### [WHAT IS REQUIRED]
Print all of the data exactly, but drop the pictures.

*** RAW DATA ***

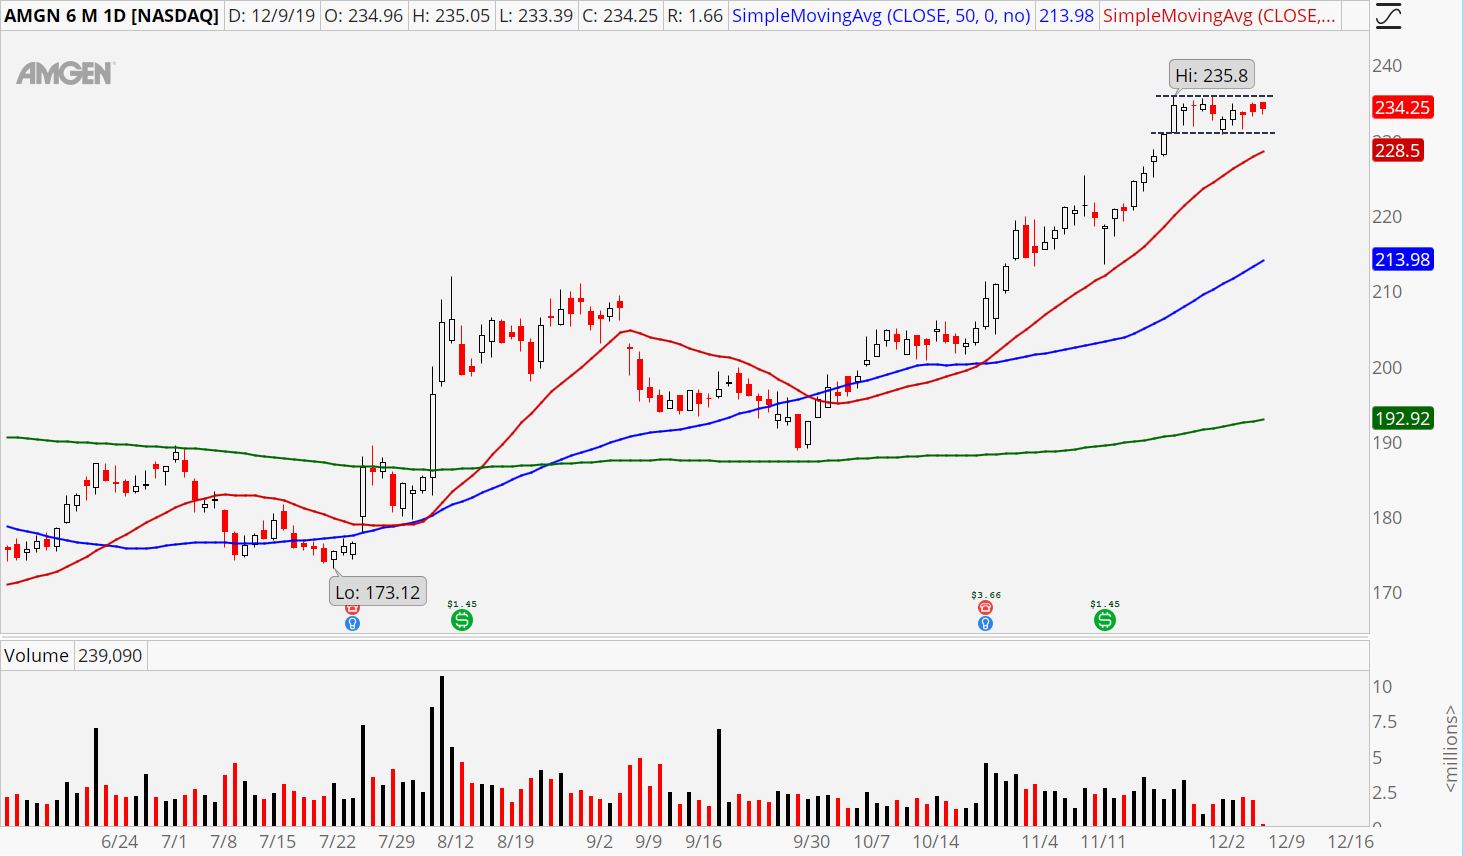 3 Healthcare Stocks to Buy: Amgen (AMGN)
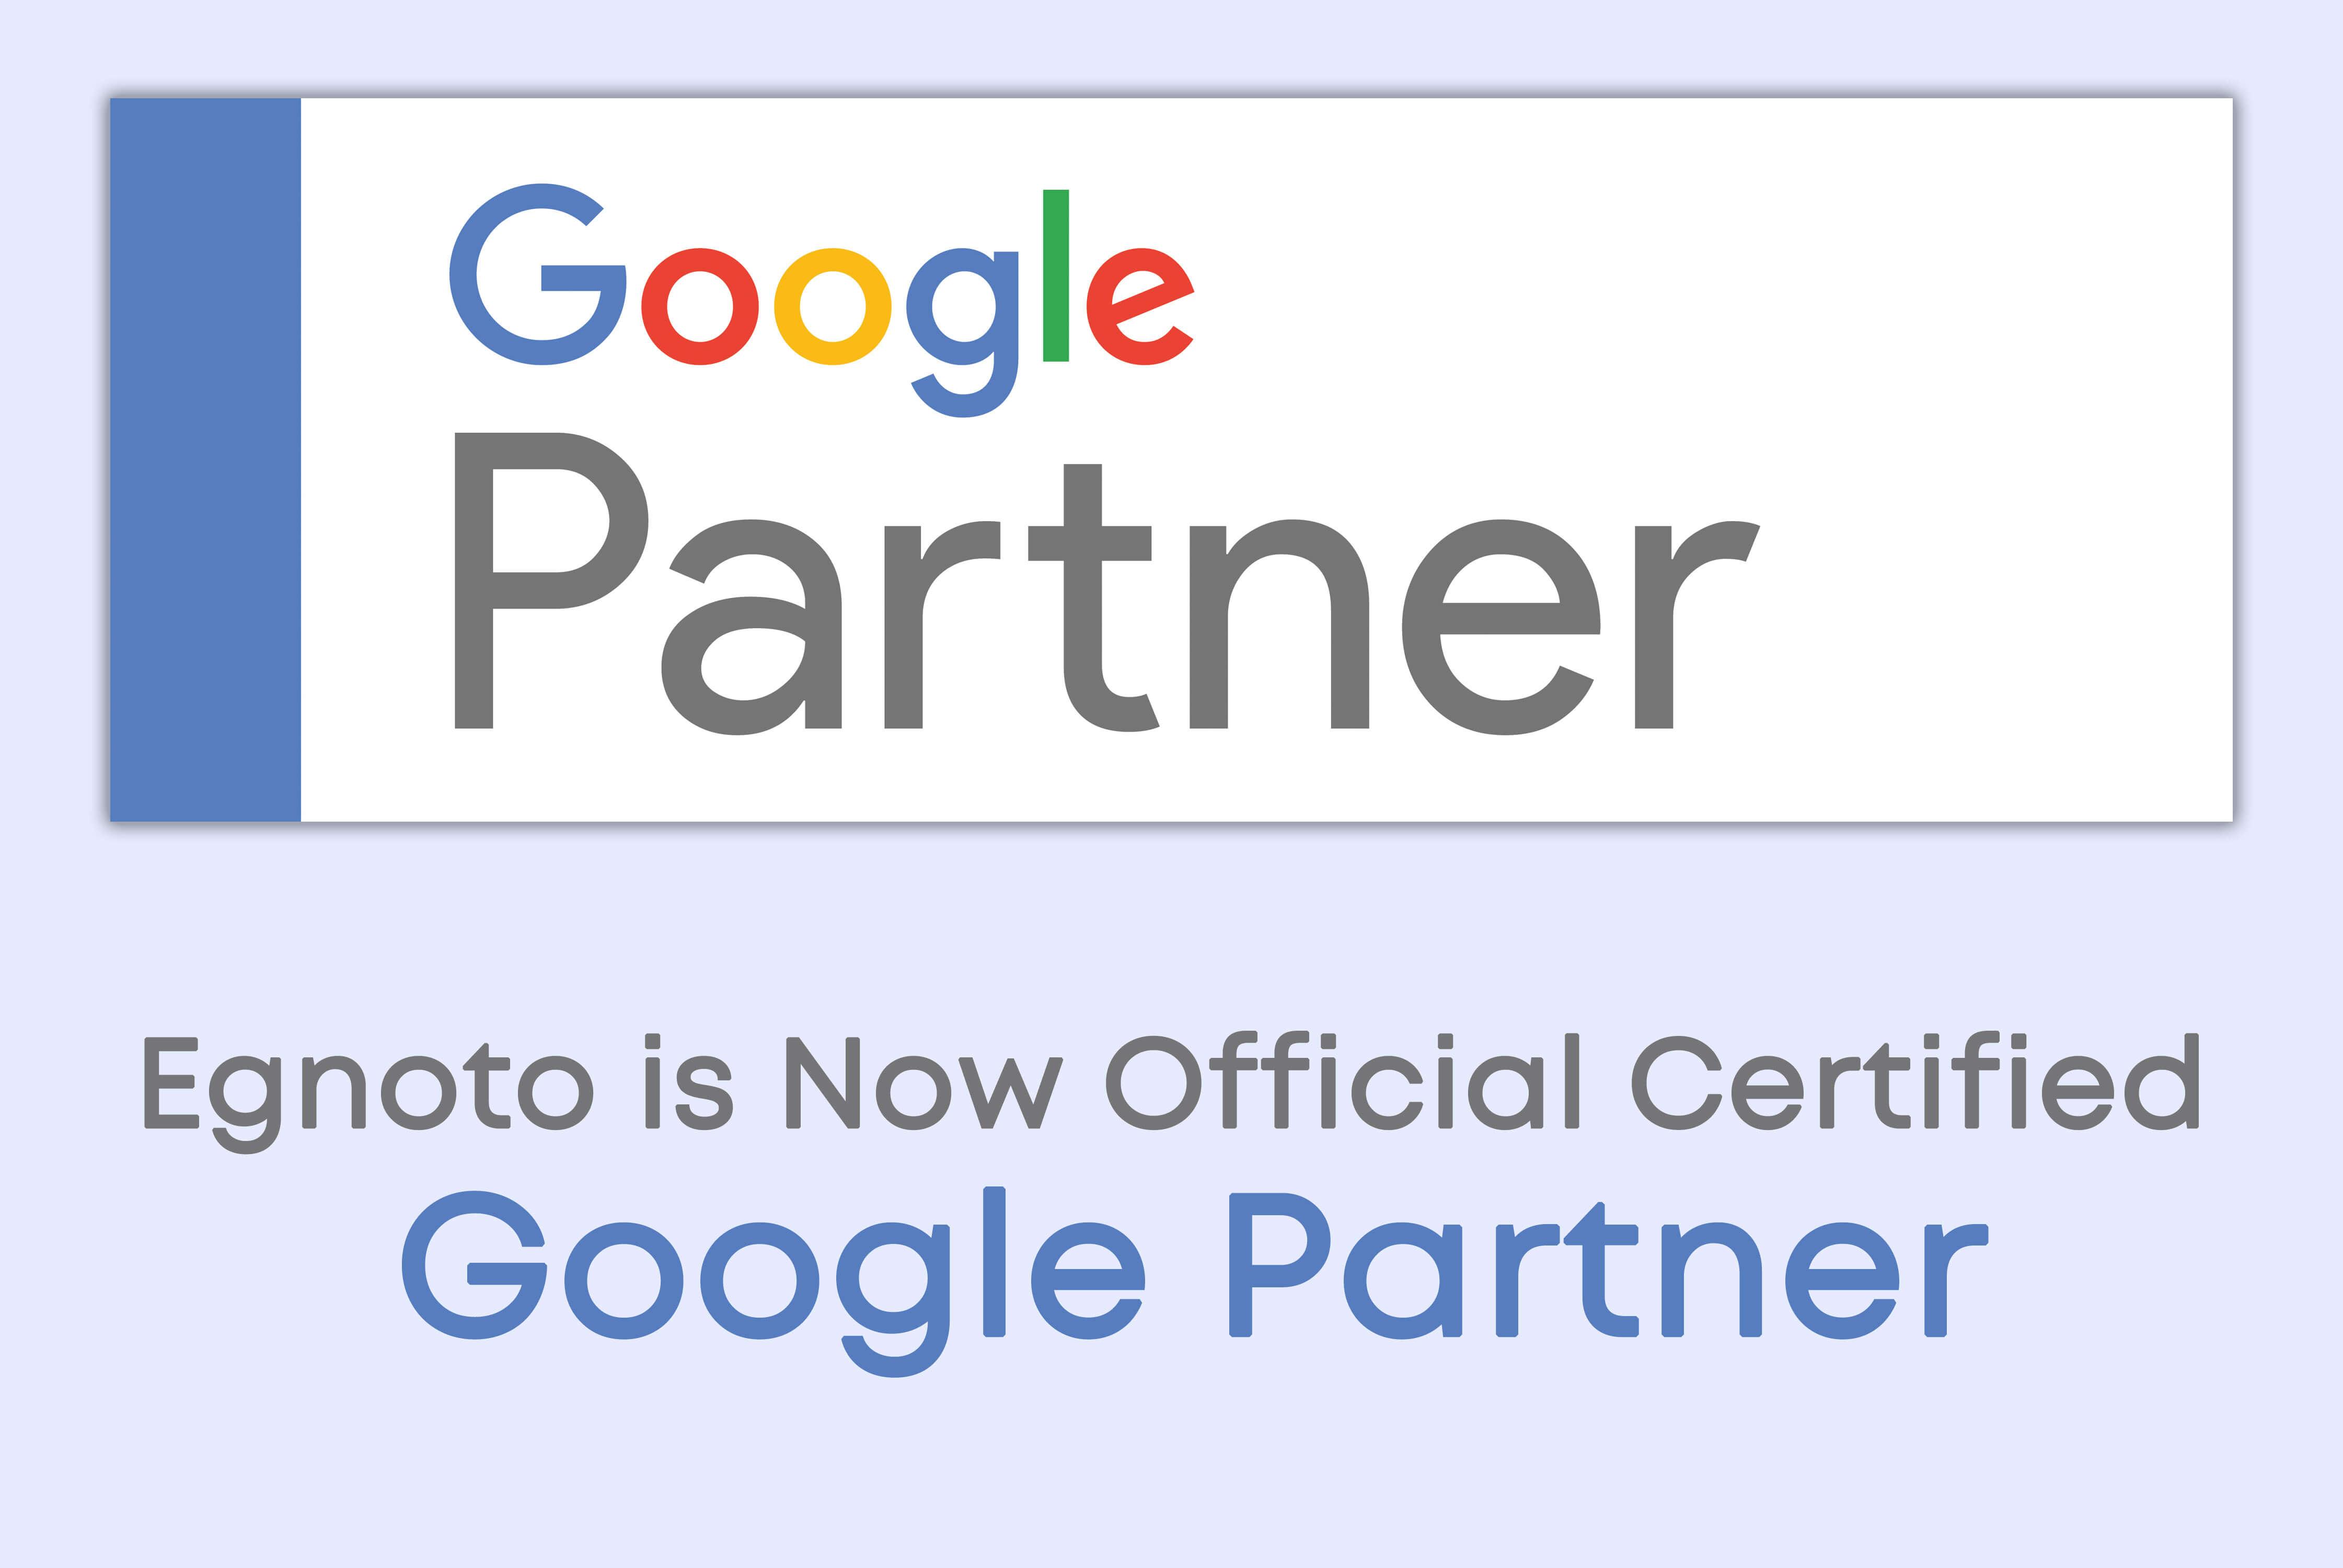 Egnoto - Official Certified Google Partner
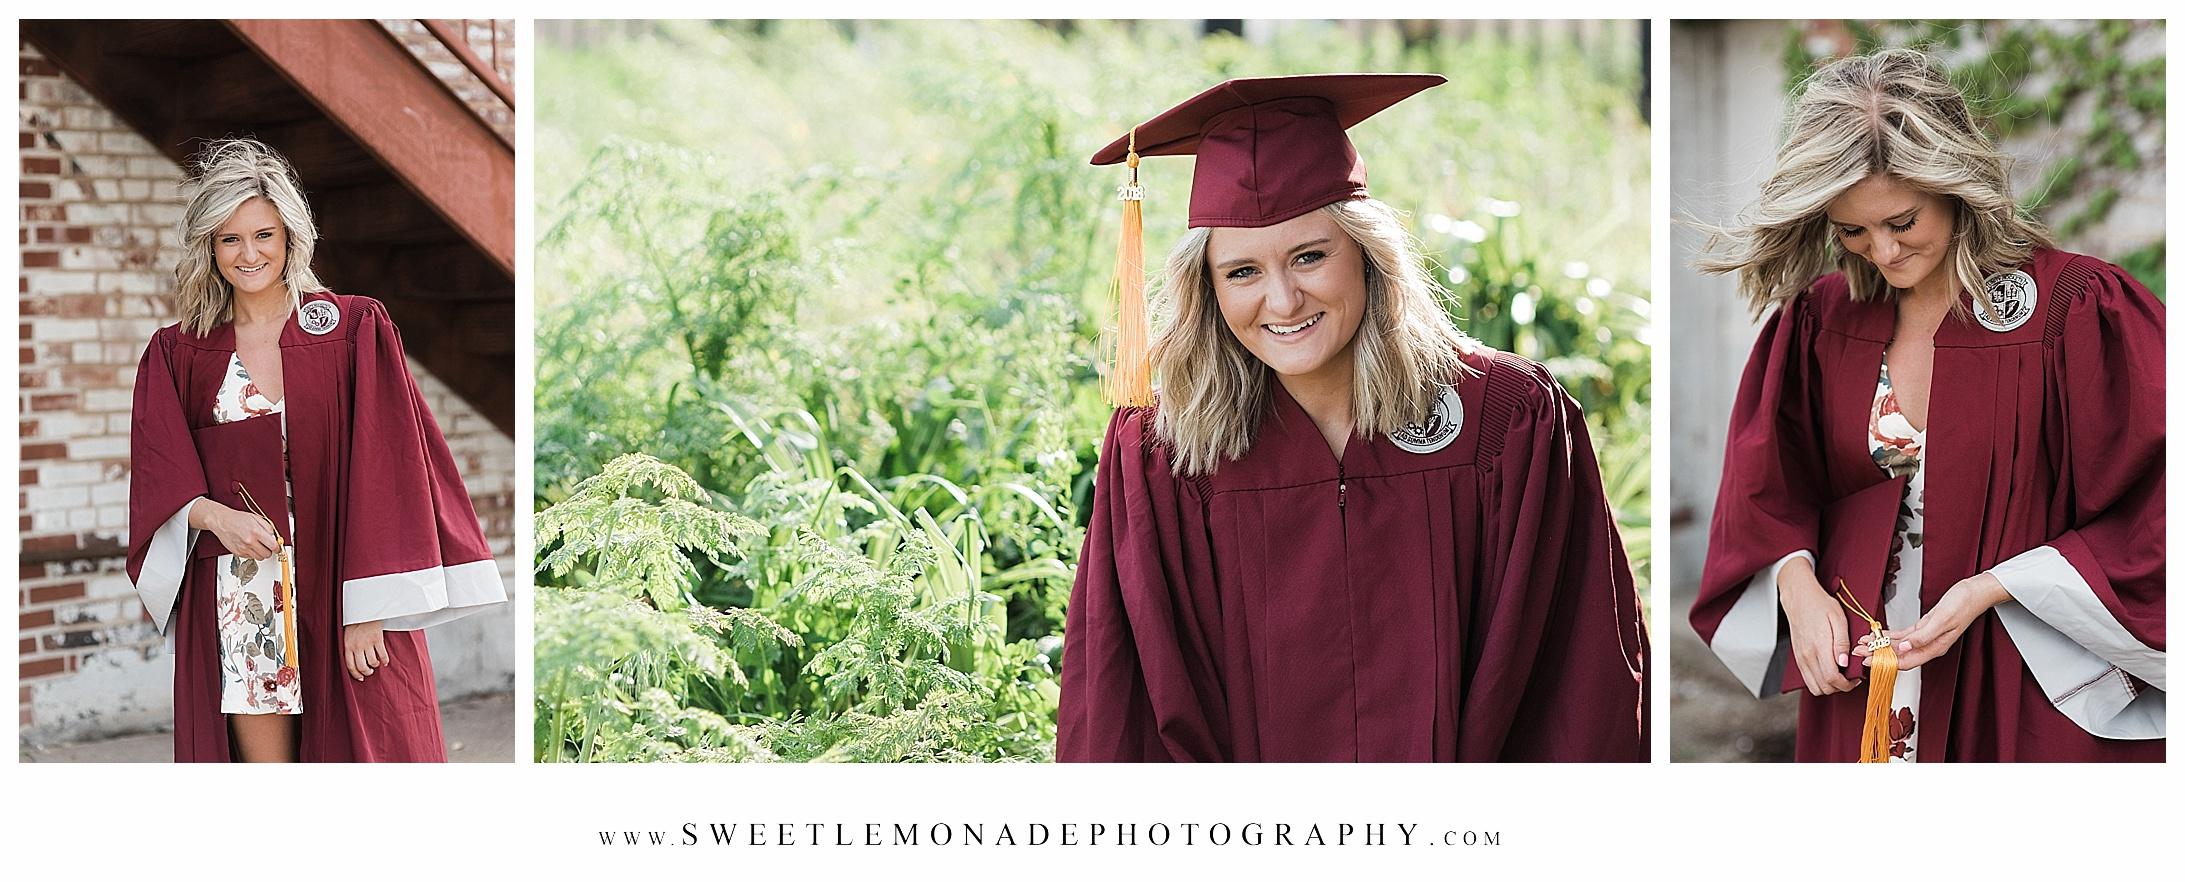 champaign-illinois-unity-rockets-high-school-graduation-tolono-senior-photographer-sweet-lemonade-photography_2070.jpg
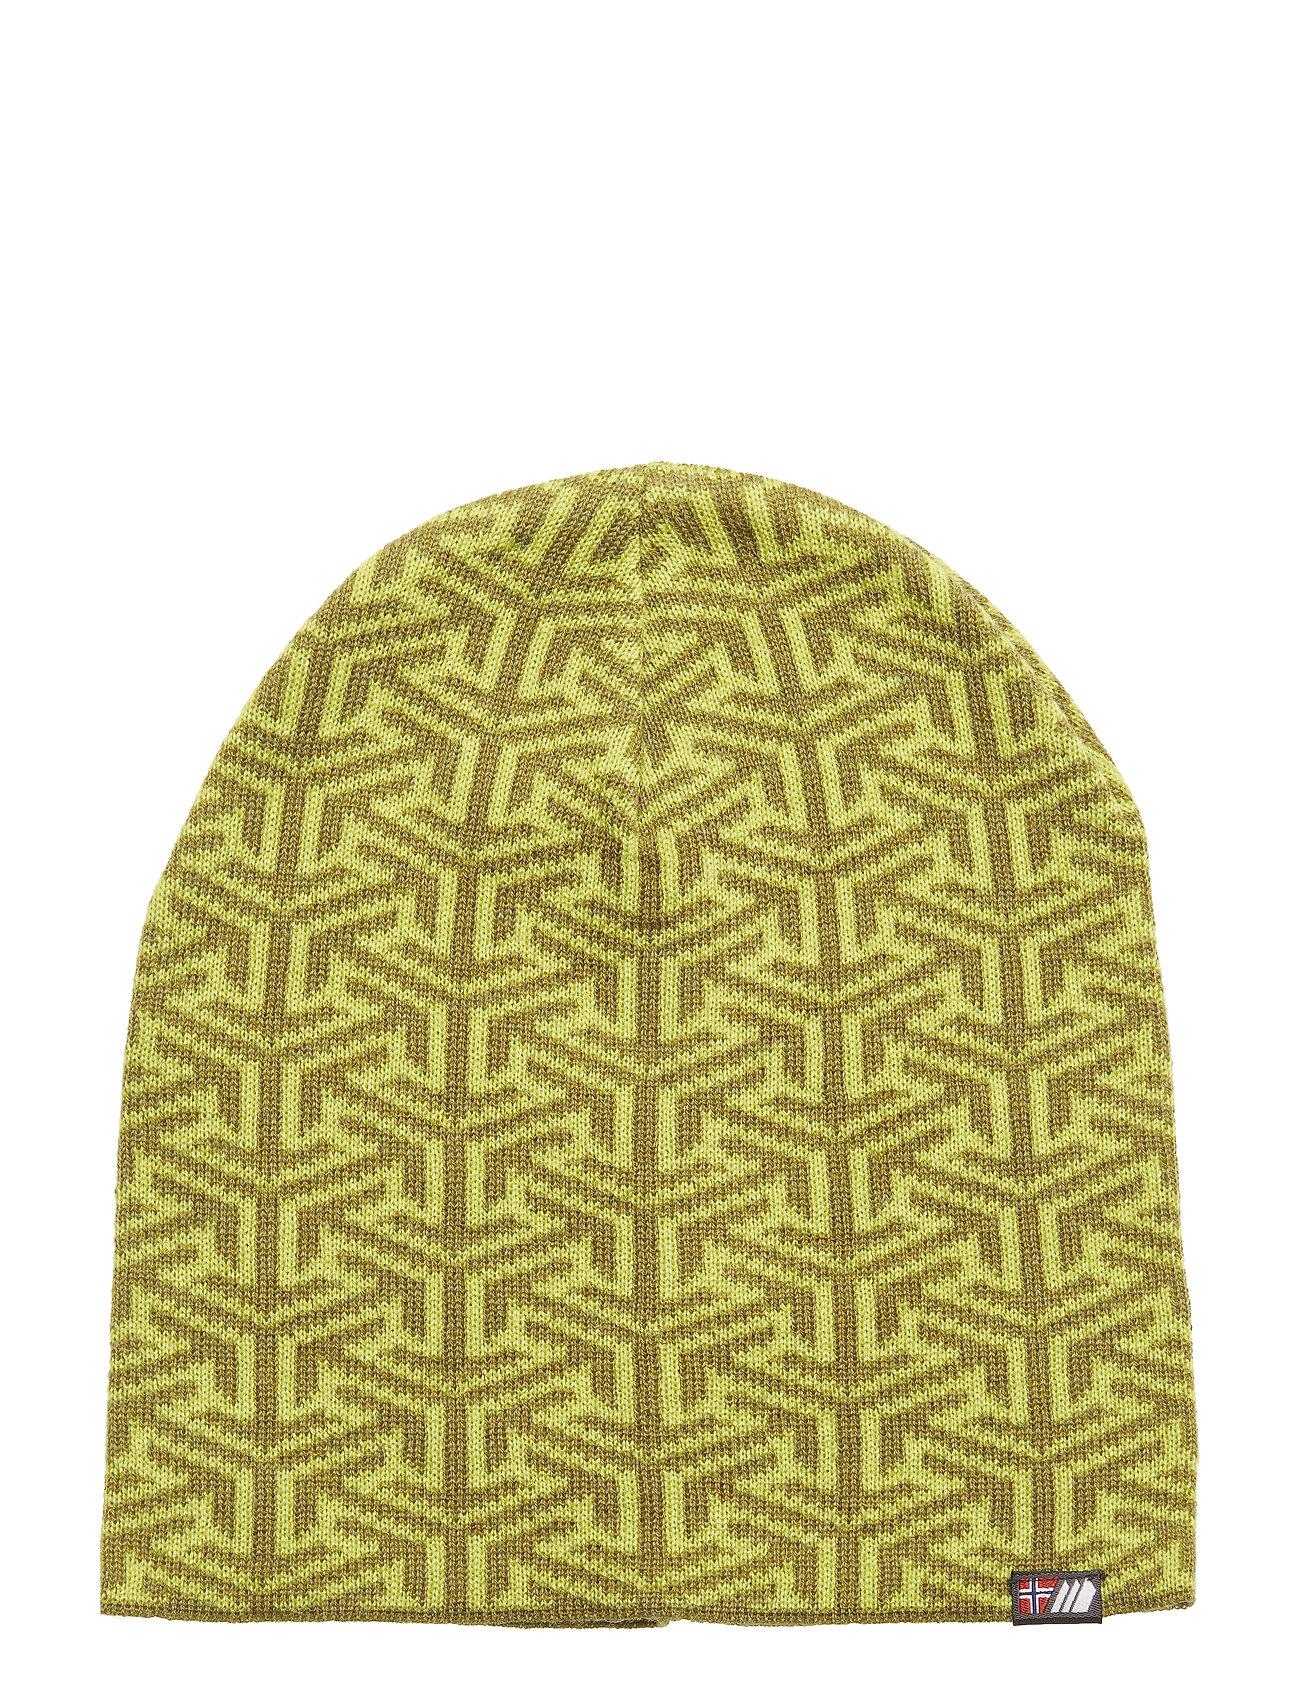 Skogstad Maradalen knitted hat - ACID LIME PR

*** End of RAW DATA ***

### [RESPONSE TO THIS TASK]
 3 Healthcare Stocks to Buy: Amgen (AMGN)
 Egnoto - Official Certified Google Partner
 champaign-illinois-unity-rockets-high-school-graduation-tolono-senior-photographer-sweet-lemonade-photography_2070.jpg
 Skogstad Maradalen knitted hat - ACID LIME PR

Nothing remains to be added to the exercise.